The Industrial Avionics Working Group (IAWG) aims to produce a state of the art modular software safety case process. While the IAWG effort continues, early results have included an approach to arguing about software timing [51]. In this approach, the claim that 'all critical operations complete within the allotted time' is broken down into five sub-claims:

- (1) All users of throughput have been adequately identified. That is, all scheduled applications, interrupts, scheduling overheads and other overheads (e.g. DMA, cache) have been identified.
- (2) Each user of throughput has an execution time budget. This budget is identified in the system design documentation.
- (3) All users of throughput stay within individual execution time budgets. This claim is supported by: (a) analysis that identifies the worst case; (b) a timing measurement of the worst case; and (c) temporal partitioning.
- (4) Cumulative use of throughput is within overall execution time budget. This claim is supported by: (a) analysis of the scheduling algorithm showing that the 'total of [the] throughput budgets is schedulable'; (b) end-to-end tests showing that the 'test cases meet [their] timing constraints'; and (c) (optionally) unspecified evidence showing that 'overruns do not affect critical operations'.
- (5) Scheduling software implements the scheduling algorithm. This would be supported by testing and analysis evidence.

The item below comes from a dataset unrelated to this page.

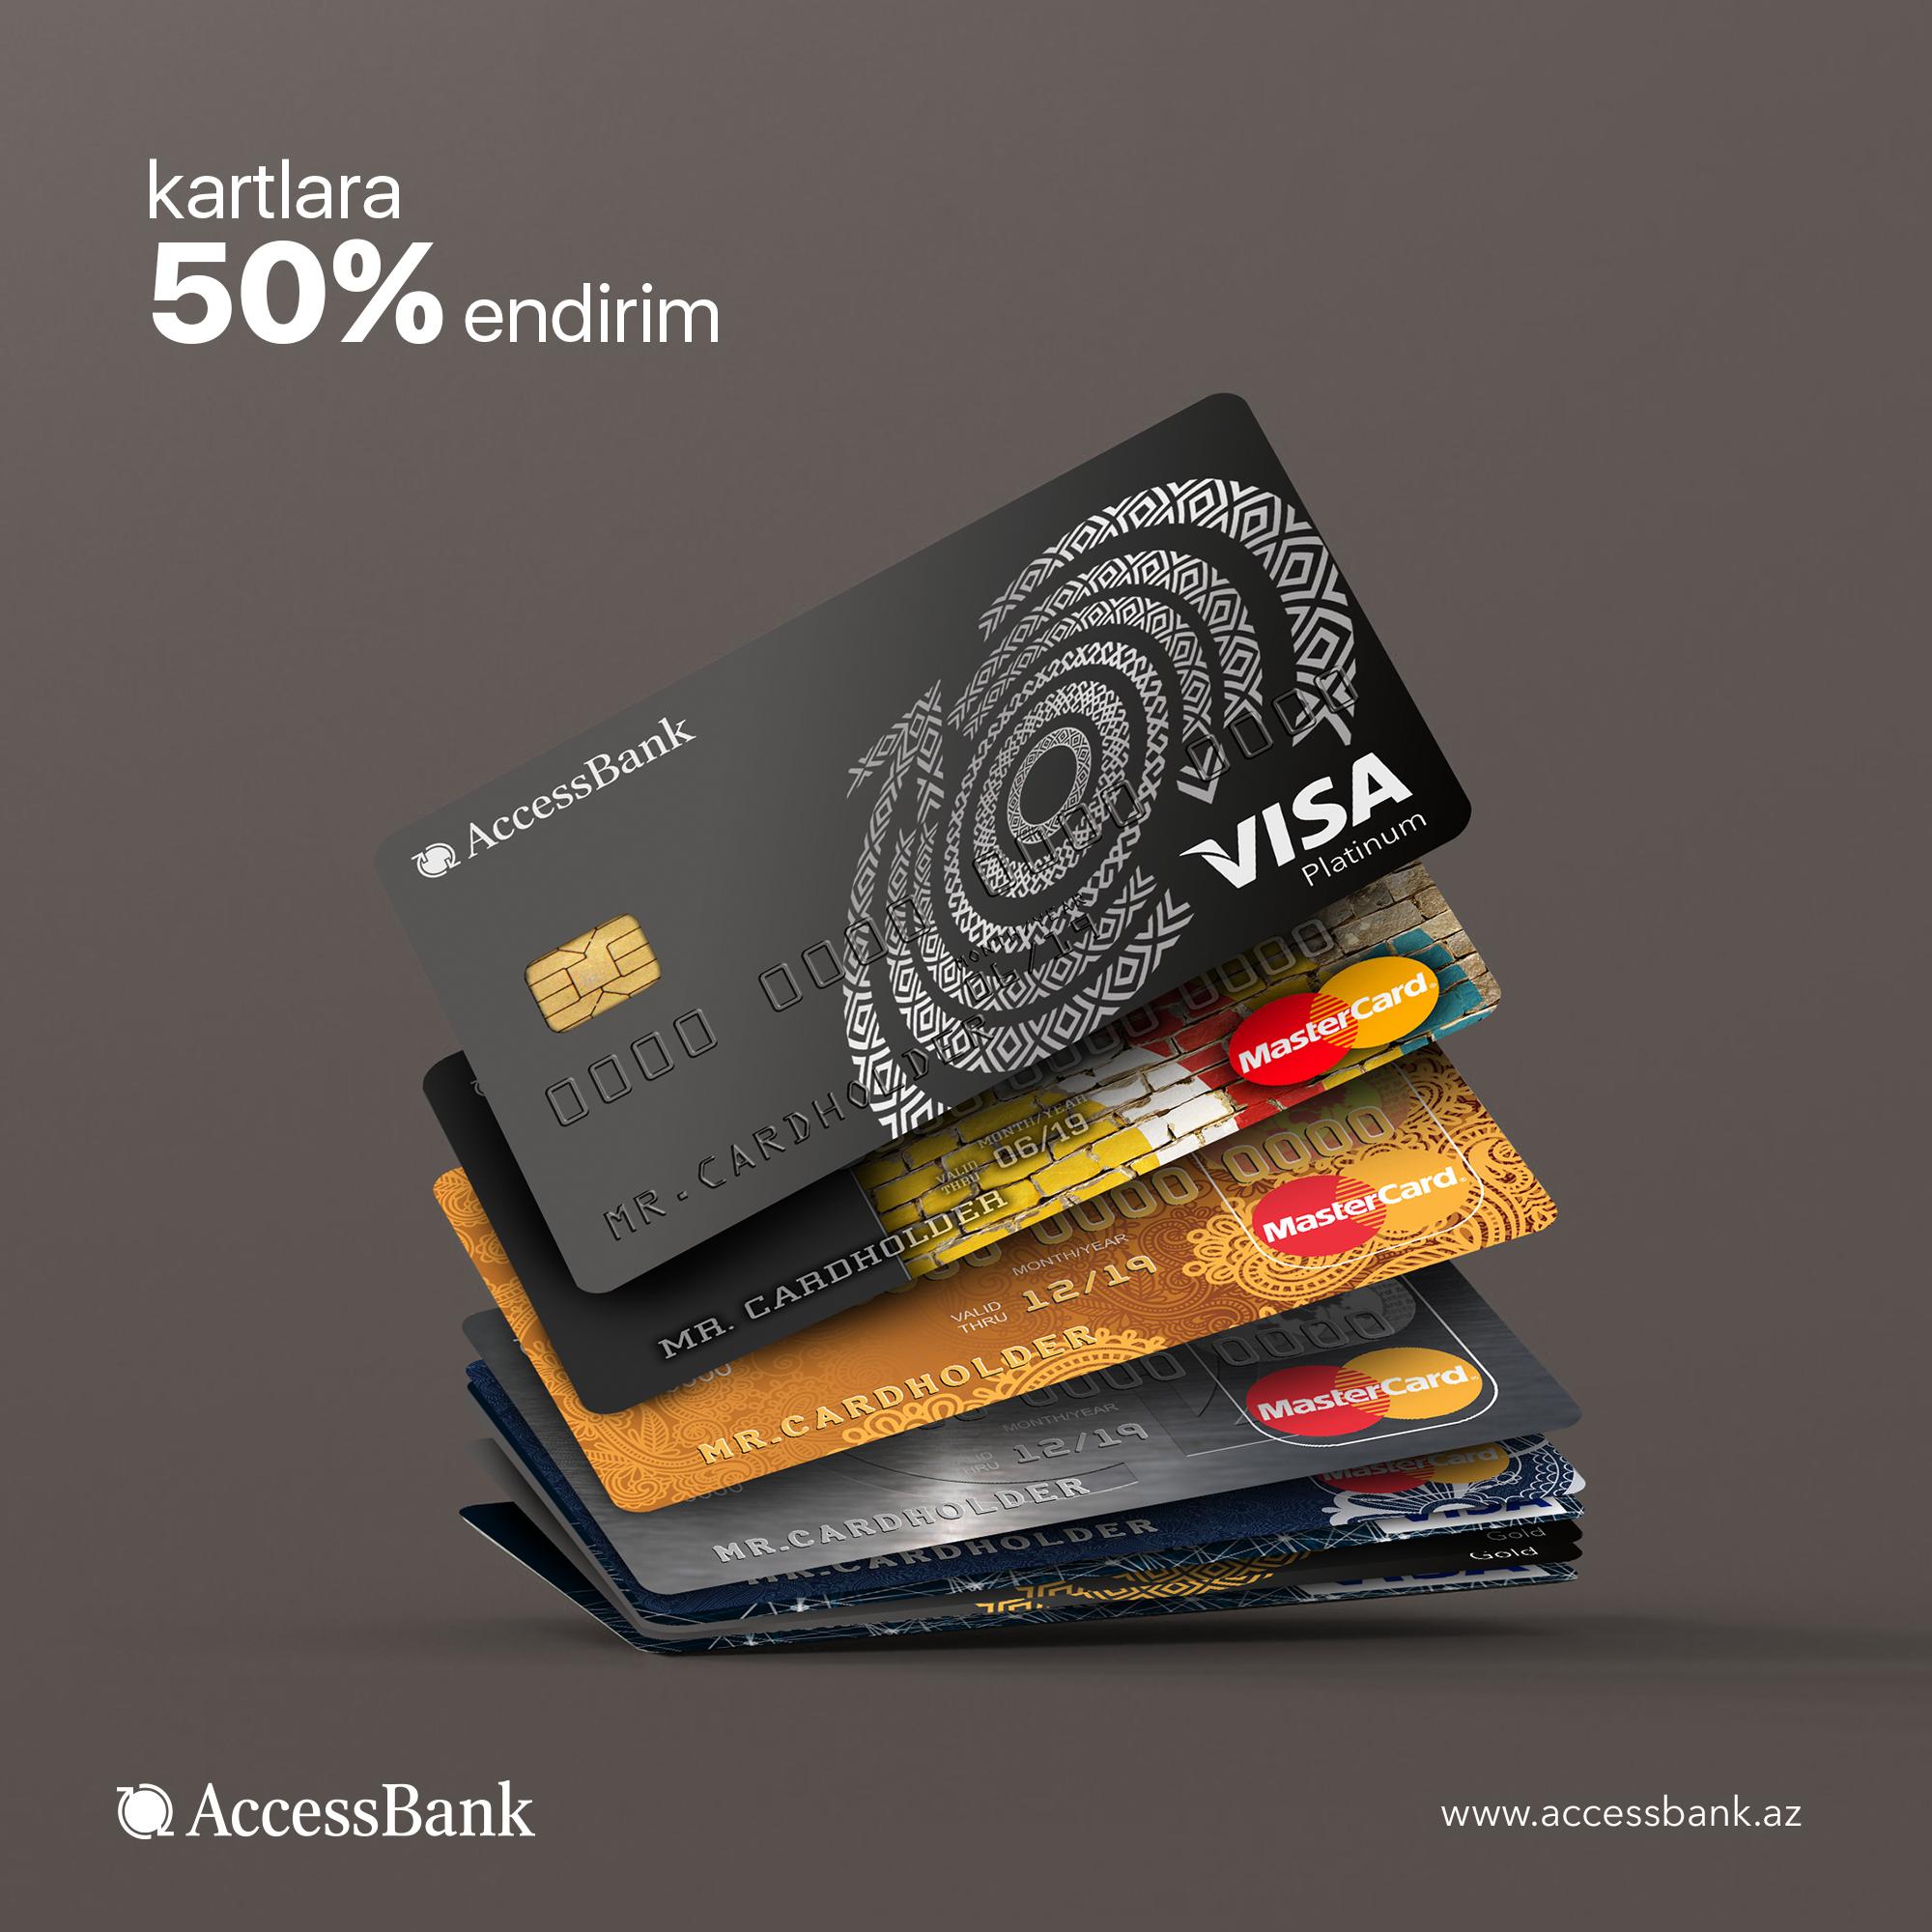 AccessBank-ın kartlarını yarı qiymətə əldə et!
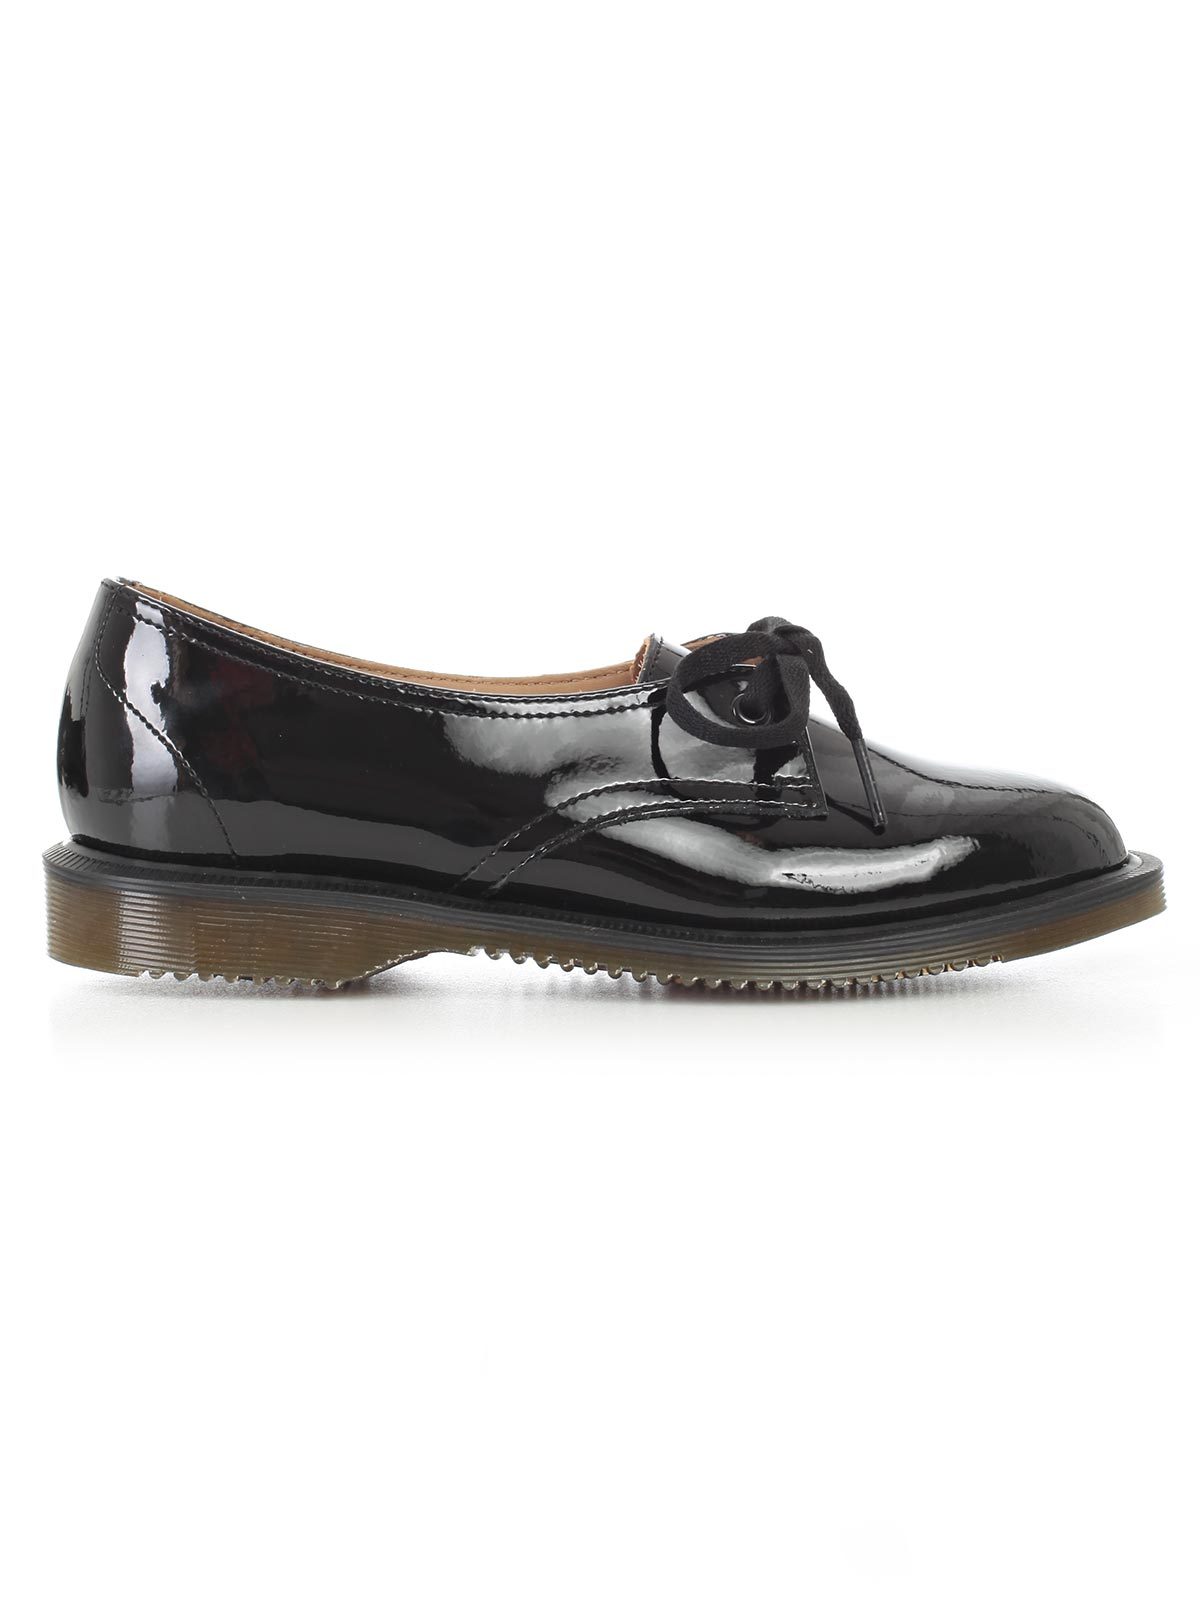 Picture of COMMES DES GARCONS - COMME DES GARCONS FOOTWEAR

WCET Figure Quality Unclear. The IAWG modular software safety argument claims that the worst case has been identified. This is implausible. Identifying the worst case cannot be done by testing without perfect coverage, which is not generally attainable. It is also impossible to identify the worst case using an analysis tool that does not exactly establish the ET in all cases: any degree of overestimate or underestimate might cause the tool to evaluate a shorter-running case as worse than a longer-running case. The claim to have identified the worst case cannot be substantiated beyond any reasonable doubt. However, the claim does not specify the level of confidence that is actually achieved. As a result, the quality of WCET figures cited in the argument is questionable.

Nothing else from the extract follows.